I suppose we're all in this together...
 
:cool:Dangerkitty....if you talk to the Mainline folks, we are beneath most of them and don't deserve our jobs!:rolleyes: I get so sick and tired of hearing all of this crap! For once You, (A Mainline guy) has said it right! The MAJOR pilots are to blame....NOT the RJ! Royer That!
 
ohplease! said:
Helloooo?!? McFly???? where do you think the passengers for that 777 come from? They don't all live in DFW or some other major hub. To get a true cost, you'll have to add the cost of the RJ getting them to the 777 to the cost of the 777 taking them somewhere.

I suppose we're all in this together...

This thread has made a turn I never intended it to make.

Read through all my posts. I have never attacked any RJ pilots. However, given the current environment the RJ cannot make money. I have no problem with RJ's providing feed for a B-777. Problem is however, RJ's are doing flying that they were never intended to do. Nowadays you can go coast to coast and never touch a mainline aircraft.

Listen I flew for a regional for 4 years and fully understand the plight of the regional airline pilot. Heck we at Continental Express tried for years to get the CAL mainline pilots to understand that one seniority list was the only way to stop them from losing their jobs to RJ flying. Too bad that they and all the other mainline pilots and their unions were too stupid to realize this.

By the way, War Eagle!!!
 
Tomct said:
:cool:Dangerkitty....if you talk to the Mainline folks, we are beneath most of them and don't deserve our jobs!:rolleyes: I get so sick and tired of hearing all of this crap! For once You, (A Mainline guy) has said it right! The MAJOR pilots are to blame....NOT the RJ! Royer That!

Thank you, someone who actually reads and understands what I am trying to say.

Back in the mid-90's the APA told AA pilots not to worry about the RJ because we wouldn't want that kind of flying anyway. Well, if those idiots had realized that bringing the Eagle pilots onto the AA seniority list we would be in a much better position today. Both AA and Eagle pilots.

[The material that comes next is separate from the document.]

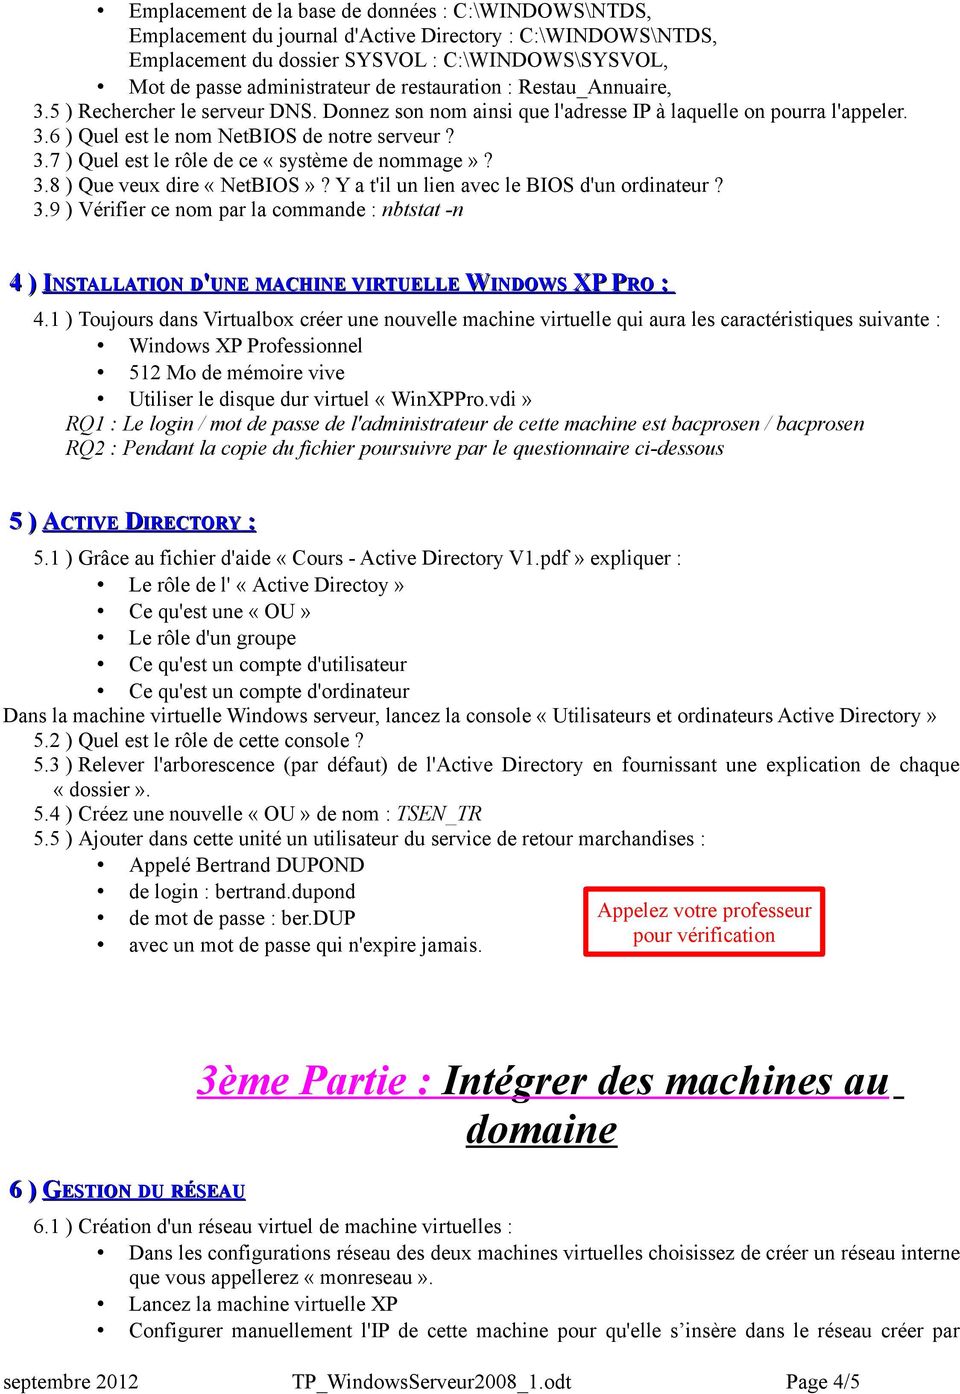 3.8 ) Que veux dire «NetBIOS»? Y a t'il un lien avec le BIOS d'un ordinateur? 3.9 ) Vérifier ce nom par la commande nbtstat -n 4 ) INSTALLATION D'UNE MACHINE VIRTUELLE WINDOWS XP P XP PRO 4.

Oh, well no use on crying over spilled milk. Now the whipsawing continues throughout the regionals only adding fuel to the fire when it comes to very supressed salaries for RJ pilots.
 
You are...no YOU are...nuh-uh YOU are...no YOU are....ad nauseum.

WHO CARES who you feel like you need to blame? In the end, you are still flying your RJ for sh!t wages with no place to go. I guess if you need to blame someone, blame me. I, for one, don't give a crap who you think is at fault, because I am smart enough to know that assigning blame does NOTHING to solve the problem.